I shut off my aerogarden last weekend, which normally provides light for my fish at a regular time (along with their tank lights.) I was gone for just under 48 hours and when I returned home, they looked like little ghosts, especially Crumb (the copper marble). Even his eyes, normally very black, turned white. Normal color returned the next morning with light treatment. The second set of photos are of what they normally look like.


----------



## bettagreatagamma (Apr 28, 2009)

Thats a big difference in the Crumb! Such cute little fish!


----------



## aquakid (Jun 22, 2008)

It's Normal


----------



## whitedevil (Apr 24, 2009)

100% normal


----------



## LaniBaby (Apr 14, 2009)

I had heard about it. When I picked up Bluey to come home with me, his lights had been out for 2 days and he was green, no black, no flesh tones, just pastel green. It's amazing white light will do for their color intensity!


----------



## Osiris (Apr 29, 2009)

This is quite normal with nearly all fish. They tend to color up quickly though once lights are on and get used to it.


----------



## Guppy Girl (Dec 29, 2008)

Mine does it too.
Only my tetras though.


----------



## Kim (Apr 30, 2008)

Most all fish get a little pale at night, so it's perfectly normal.


----------



## whitedevil (Apr 24, 2009)

Kim said:


> Most all fish get a little pale at night, so it's perfectly normal.

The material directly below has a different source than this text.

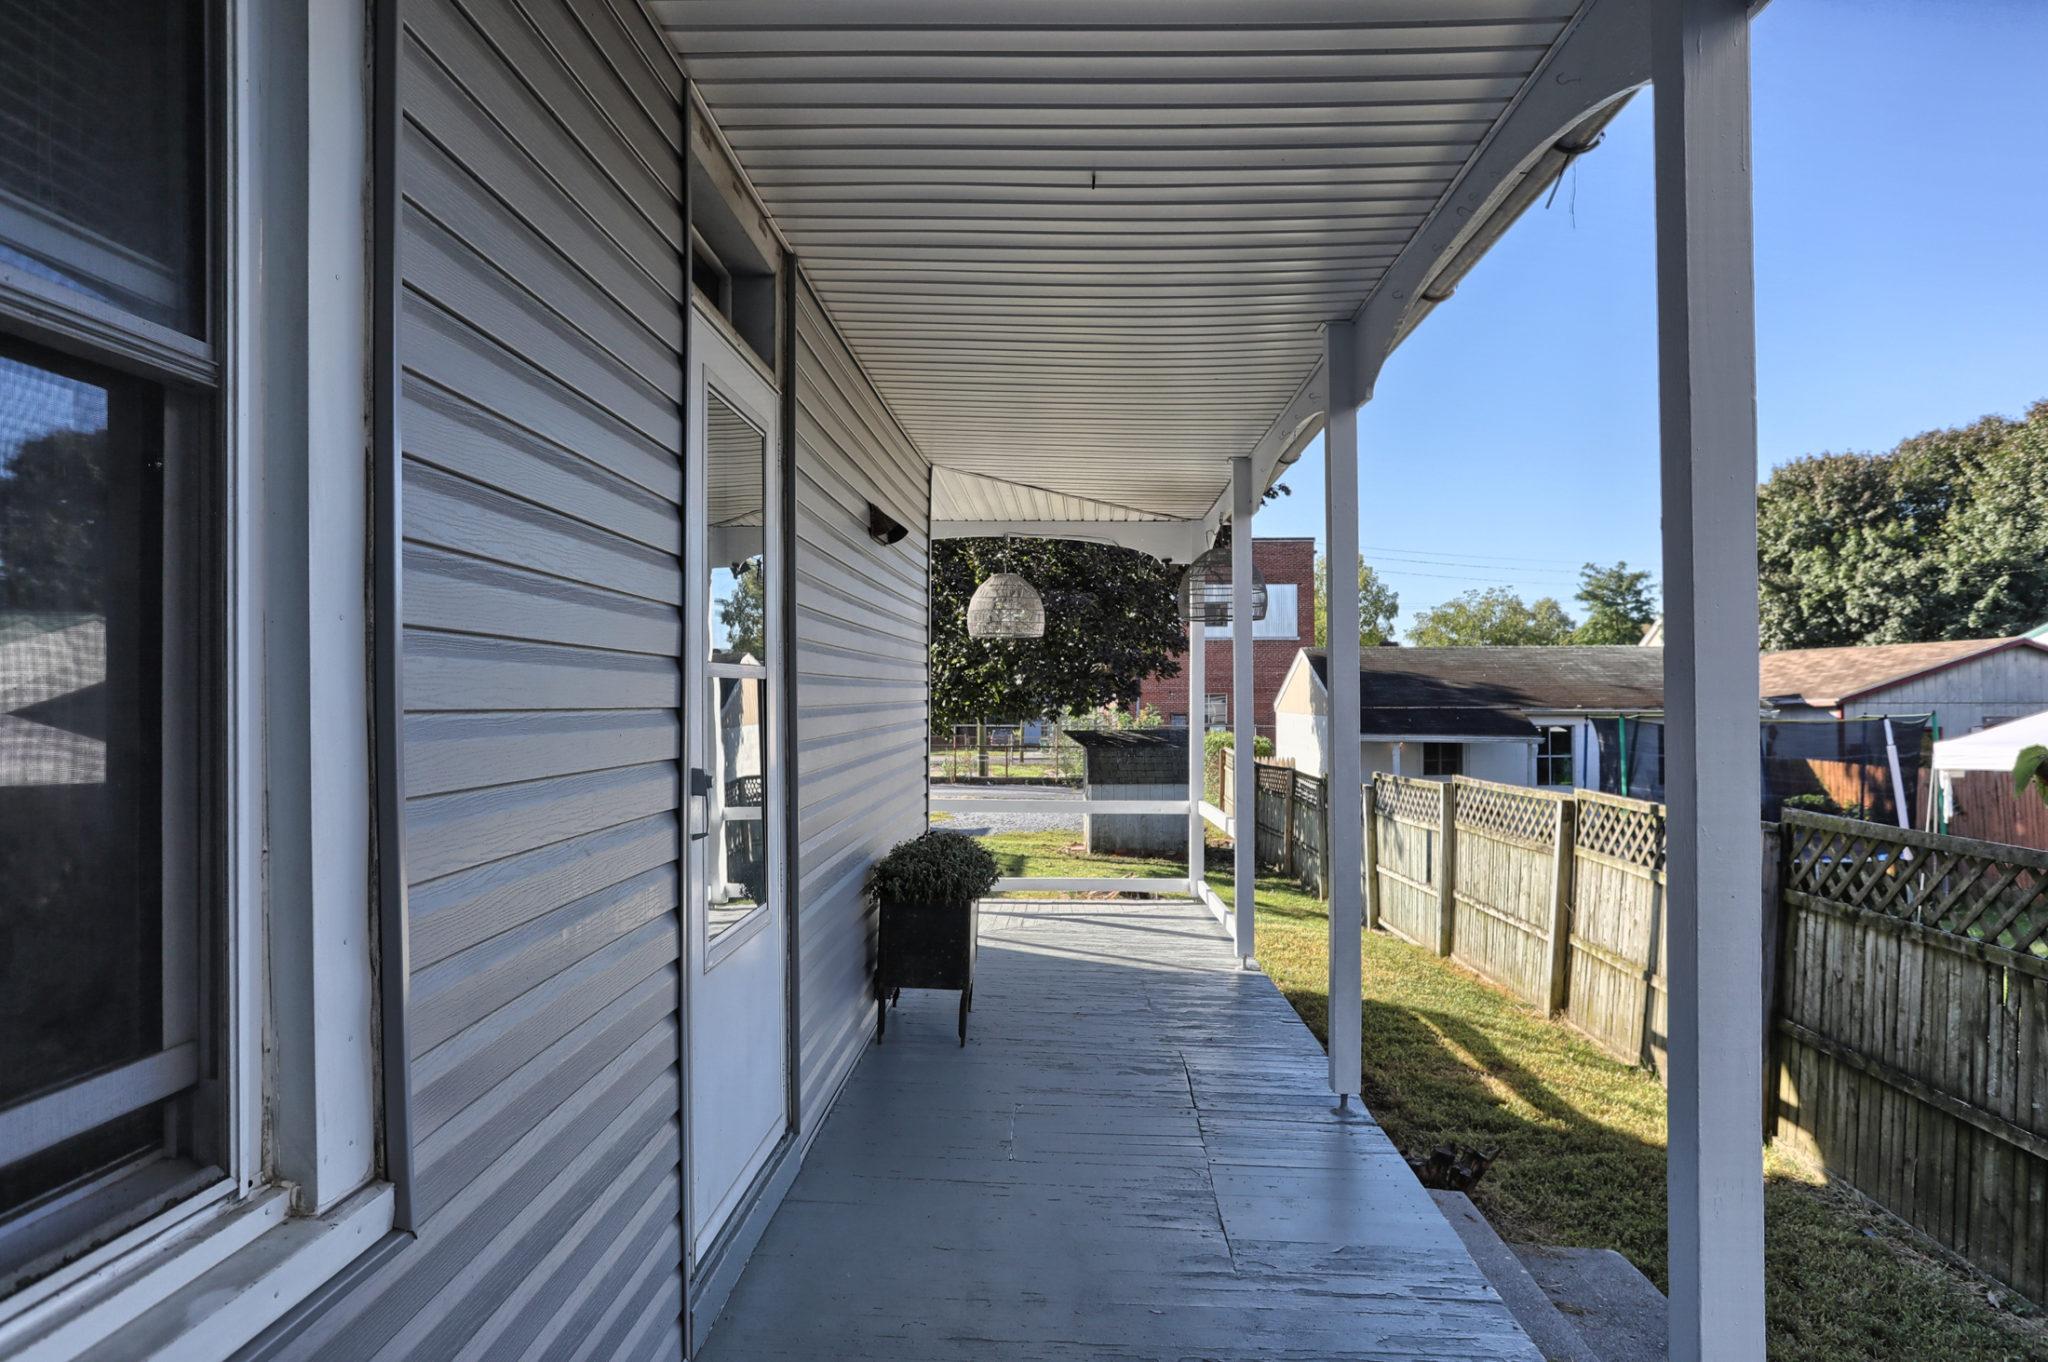 12 E. Maple Avenue - side porch 2

that your betta in the avatar, looks just like my big red.


Yes , i did a test, I shut my light off at 7pm last night and turned it on at 11am this morning, betta was white for the most part, marble angel went grey and the neons lose their color as well.

I do believe the scales just bounce the light spectrums back at you.


----------



## QueenStinger (May 2, 2009)

happens to me too  even my goldfishes do it


----------



## TitoBetta (Jun 2, 2009)

its fine, my fish does that too, but the color comes after the lights are on.


----------